Throughout the history of time, man has sought new ways to improve upon how we preserve our dead. The greatest strides can be found in the aftermath of the Civil War. Families were desperate to retain the bodies of fallen soldiers for a hometown burial. That's when pioneering surgeon-chemist, Dr. Thomas Holmes, introduced innovations in arterial embalming. Since then, embalming techniques have become quite sophisticated.

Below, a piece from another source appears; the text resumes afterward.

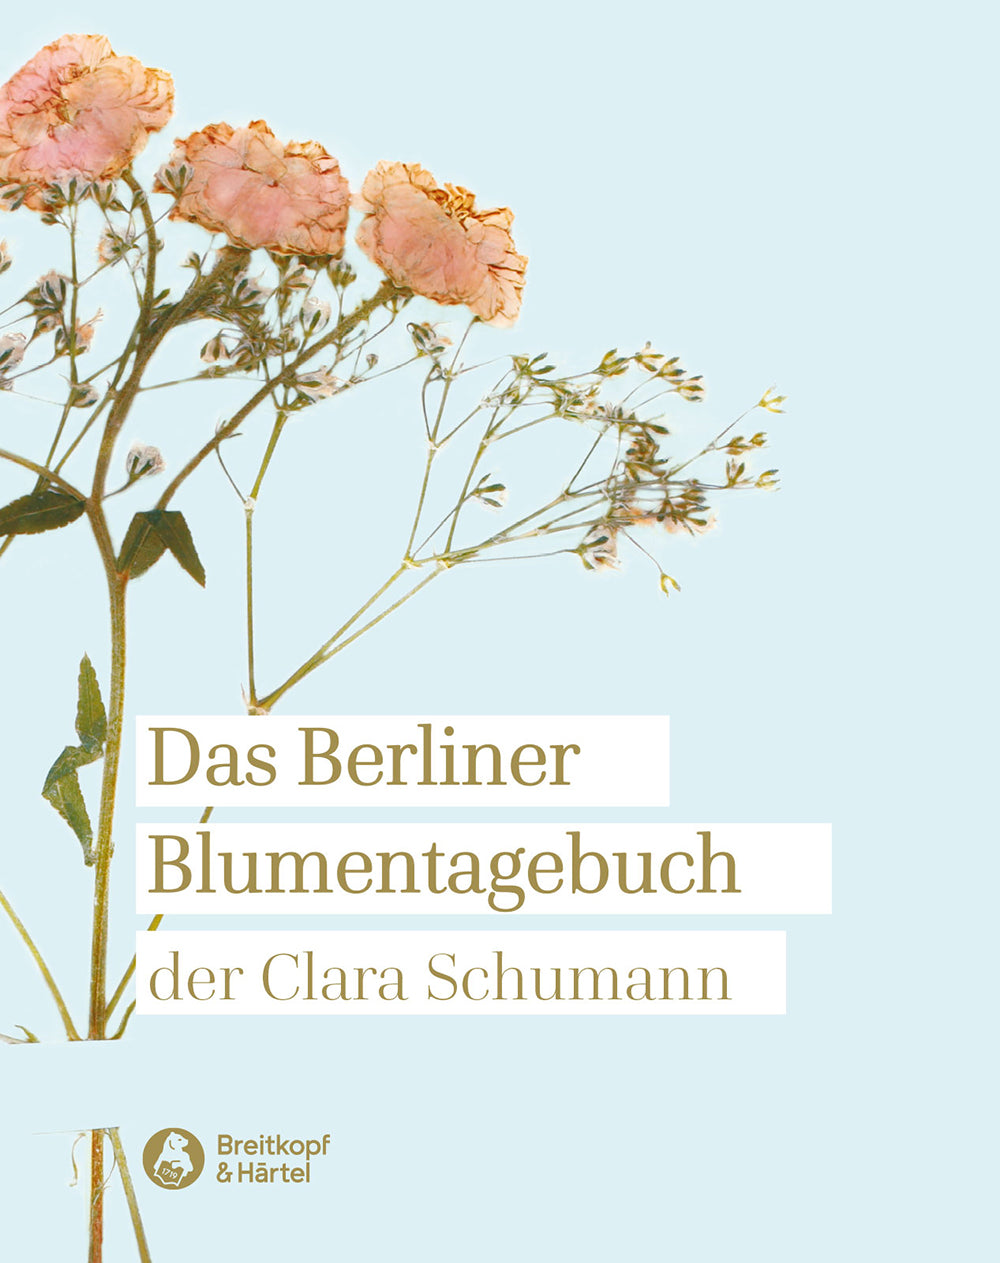 The Berlin Flower Diary of Clara Schumann

  1. Embalming Practitioners

    • Prior to Holmes' innovations, preserving a body was done with the use of compounds, such as arsenic, mercury and zinc. This process made the handling of cadavers very dangerous, and few educated men, who understood the dangers, were willing to undertake the endeavor. With Holmes' inventions all that changed. Modern embalming is now a complex procedure that is performed only by a board-licensed practitioner who has graduated from an accredited mortuary school and put in two years of apprenticeship at a registered funeral home.

    Embalming Preparation

    • According to Harold Schechter in his medically-acclaimed book, "The Whole Death Catalog," when it comes to embalming, "no two cases are alike." But he does maintain that the baseline procedures are always the same. An embalmer will always wear protective gear, including latex gloves, a moisture-resistant body suit, surgical cap, mask and goggles. The body to be preserved is placed on a stainless steel or porcelain table. The body is stripped, disinfected then groomed; all facial hair is shaved, even in women and children, unless specified otherwise by the family. The body must then be placed in the same position, as it will rest in the coffin, because of rigor. If rigor has already occurred, the mortician will massage muscles, making them more pliable. The head is tilted to the right to give the funeral attendees a full face viewing.

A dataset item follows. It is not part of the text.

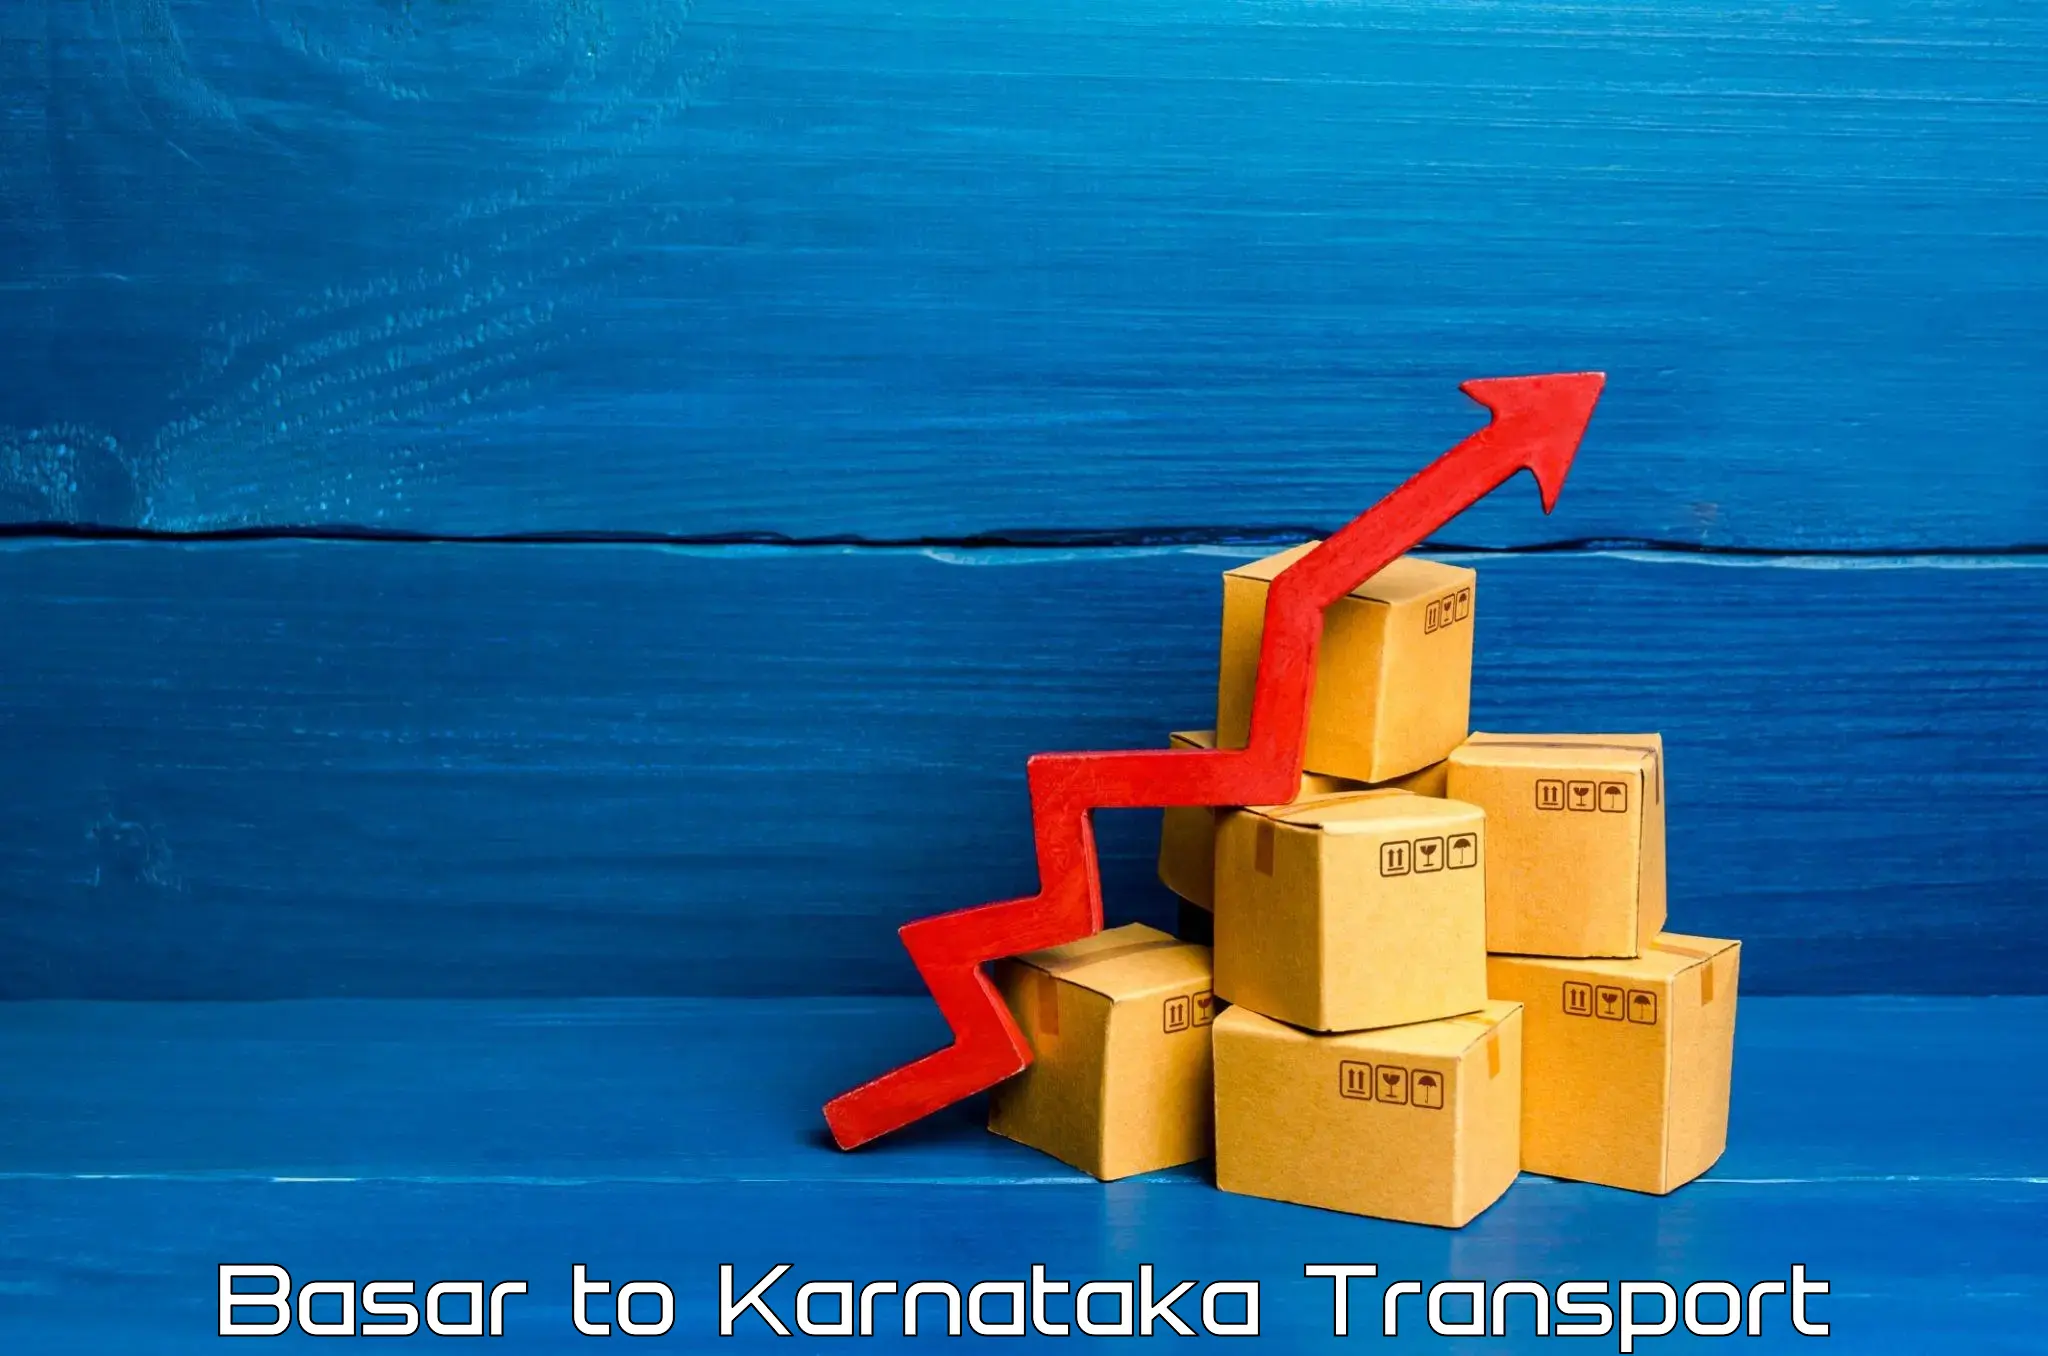 Transport services Basar to Karnataka

    Completing the Preparation Stage

    • Before beginning the actual embalming process, the embalmer must secure the eyes to give the deceased that look of peacefully sleeping. A plastic "eyecap" is placed under each lid to avoid convex sockets. The lids are then super-glued shut; otherwise, they will retract and remain in the open position. The mouth is secured with staples to the gum line, and the lips are then formed to appear natural with cotton and mortuary putty.

    The Actual Embalming

    • There are two stages to the embalming process. The first is what's known as arterial embalming. This is where the blood is replaced with a formaldehyde-based solution. Methanol, ethanol and other solvents are added to formaldehyde to produce embalming fluid for preservation. A suitable spot in the neck is chosen, a slit is made and the carotid artery is extracted. The fluid is dispensed by an embalming pump machine with a hose inserted into the exposed vessel. This is called the injection site. The same is done for the jugular vein, except only a hose is inserted for blood drainage. Once the blood has been entirely drained and the embalming machine is only pumping out just the fluid, it is time for the second stage of the process -- cavity embalming.

    Cavity Embalming

    • A trocar -- a long, hollow metal tube, with a sharp, arrow-like point attached to an aspirator -- is introduced into the corpse's abdomen and maneuvered in every direction, puncturing and eviscerating all of the organs. Once collapsed, the heart, lungs, stomach, colon, liver, intestines and bladder are sucked out through the trocar. Once the viscera is completely vacuumed out, the trocar is removed, and the embalming machine tube is inserted through the same incision. The body cavity is filled to a natural-looking capacity. To complete the modern-day embalming process, all available orifices are packed with cotton, a few cosmetic ministrations are performed to make the deceased aesthetically-pleasing, and the embalmer's job is finished.